Wars fought for domestic consumption are, however, inherently unstable. They require constant novelty and reports of new triumphs, which are hard to pull off in the real world. Having rallied supporters in eastern Ukraine to the Novorossiya flag, Putin has put the insurgency on hold amid a rising death toll among Russian soldiers who were not officially supposed to be there. The Ukrainian campaign only solidified Nato and gave it a new sense of purpose.

The war in Syria also threatens to backfire, for all the reasons that the US has sought to stay out. To the Sunni world, Russia looks like it has taken sides, uniting all the disparate rebel groups in a shared hatred of its “occupation”, and inspiring jihadis the world over to turn their eyes towards Moscow. Backing Assad to the bitter end is a strategy that is likely to suck Russia deeper into a war it cannot afford with an economy shrinking 4% a year.

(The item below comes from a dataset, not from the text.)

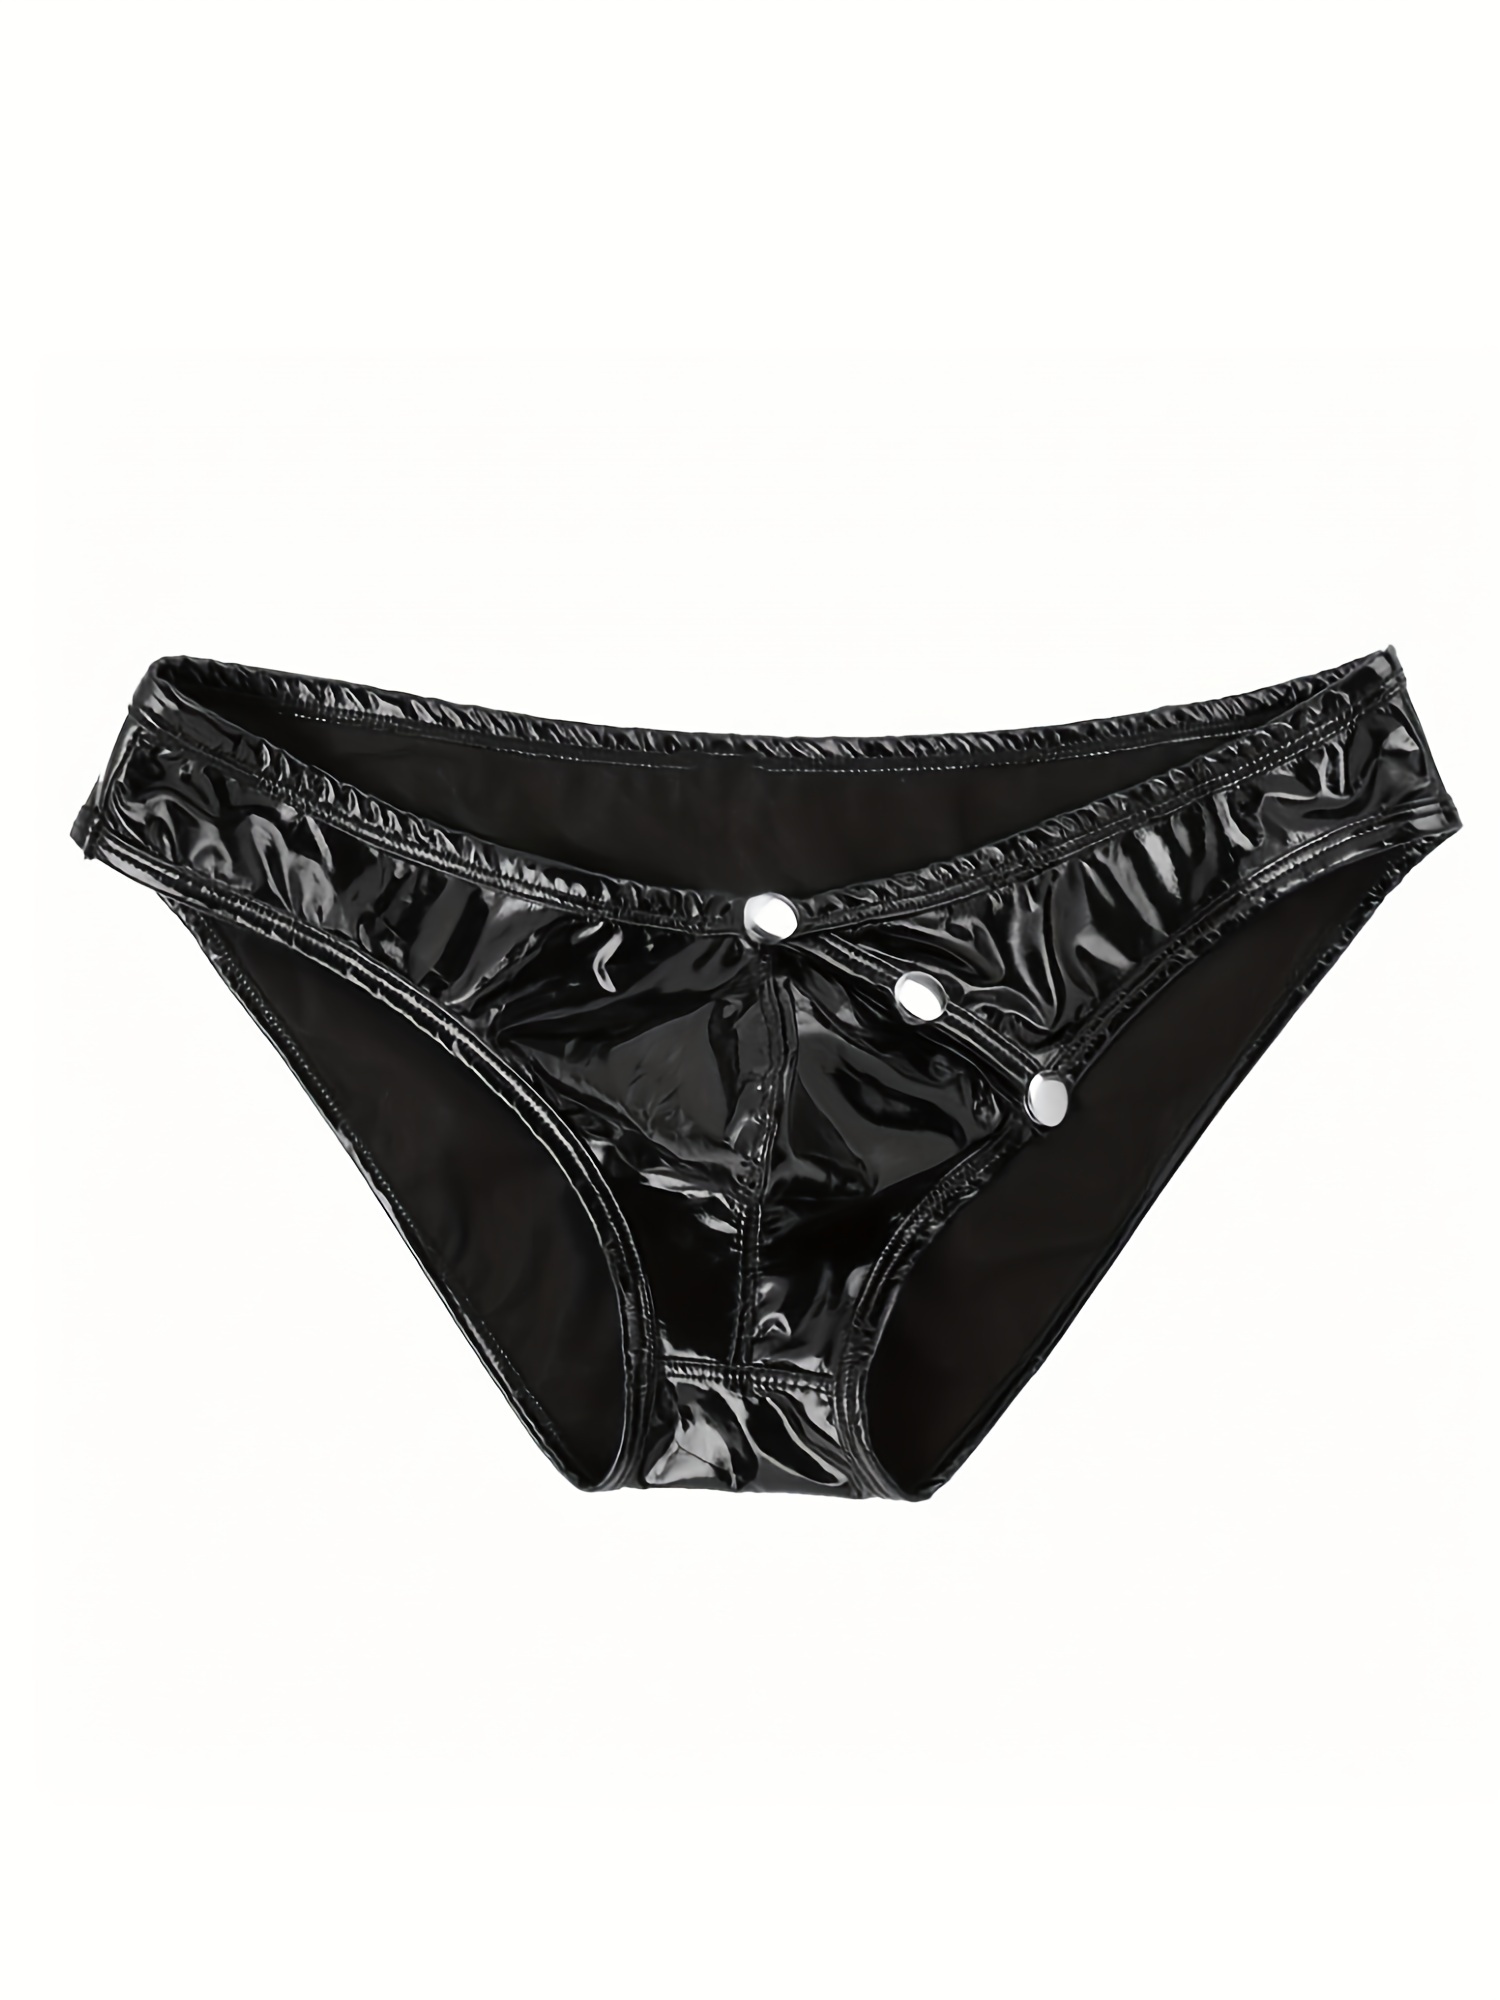 Seductive Black G String Thong Underwear Panties with Patent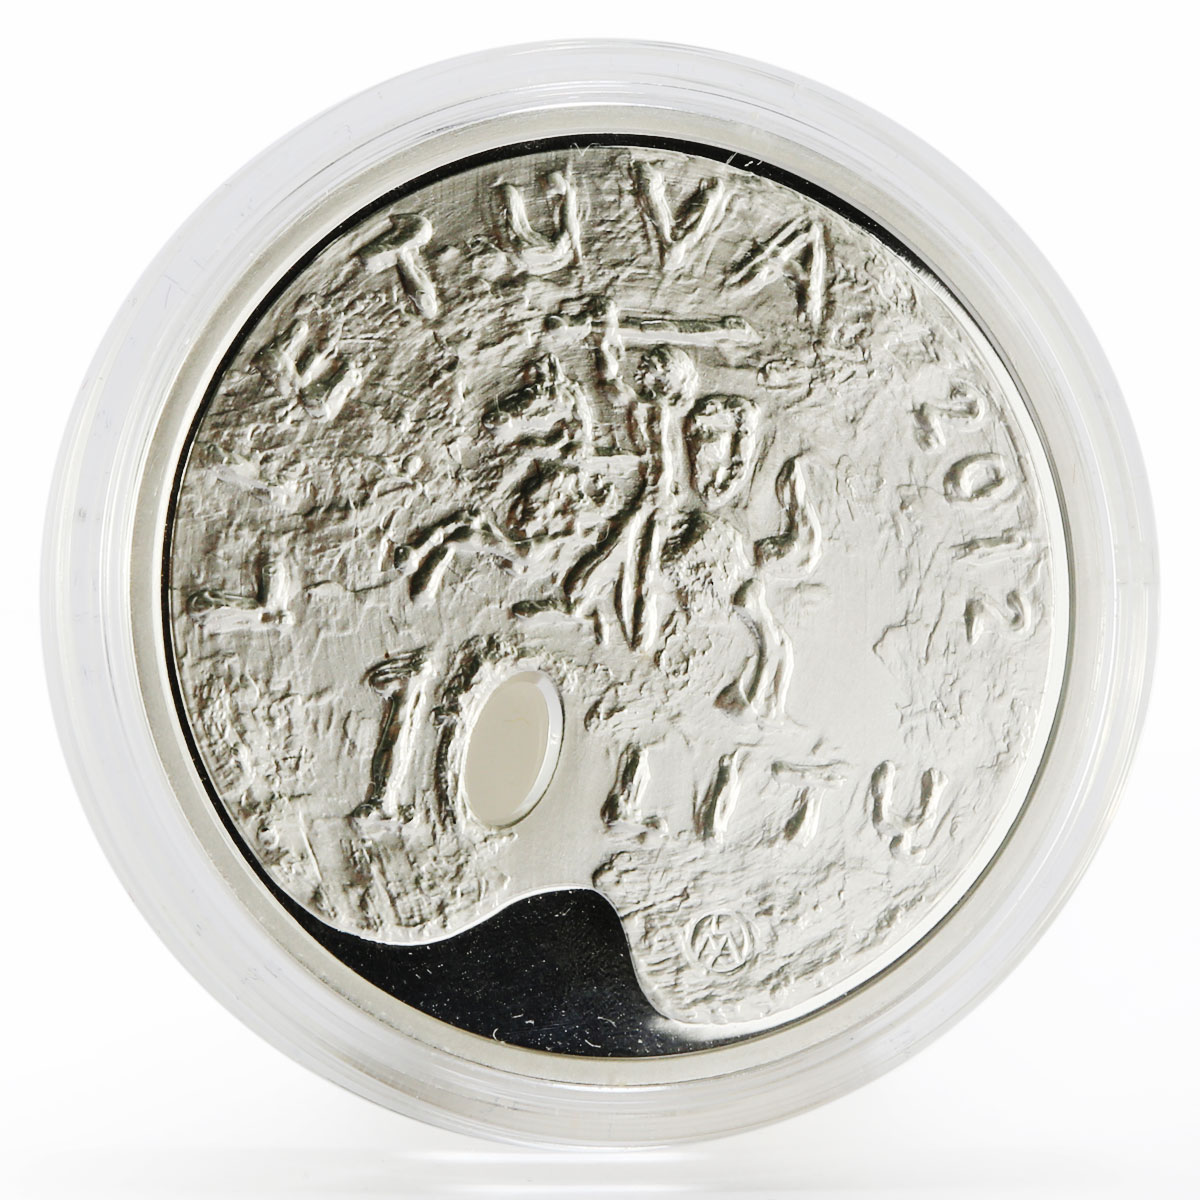 Lithuania 10 litu Lithuanian Culture series Fine Arts proof silver coin 2012

Standing by and watching Russia self-harm also carries costs for the west . The bombardment of rebel-held areas around Idlib and Aleppo will boost the outflow of refugees, and put off the prospect of local ceasefires gradually dampening down the wider conflict. The chance of a collision or shootdown between Russian, Turkish, US or other Nato war planes continues to mount, as does the risk of an escalating proxy war. Putin’s mastery of surprise has put him in the driving seat, but there is little sign so far he knows where he’s going.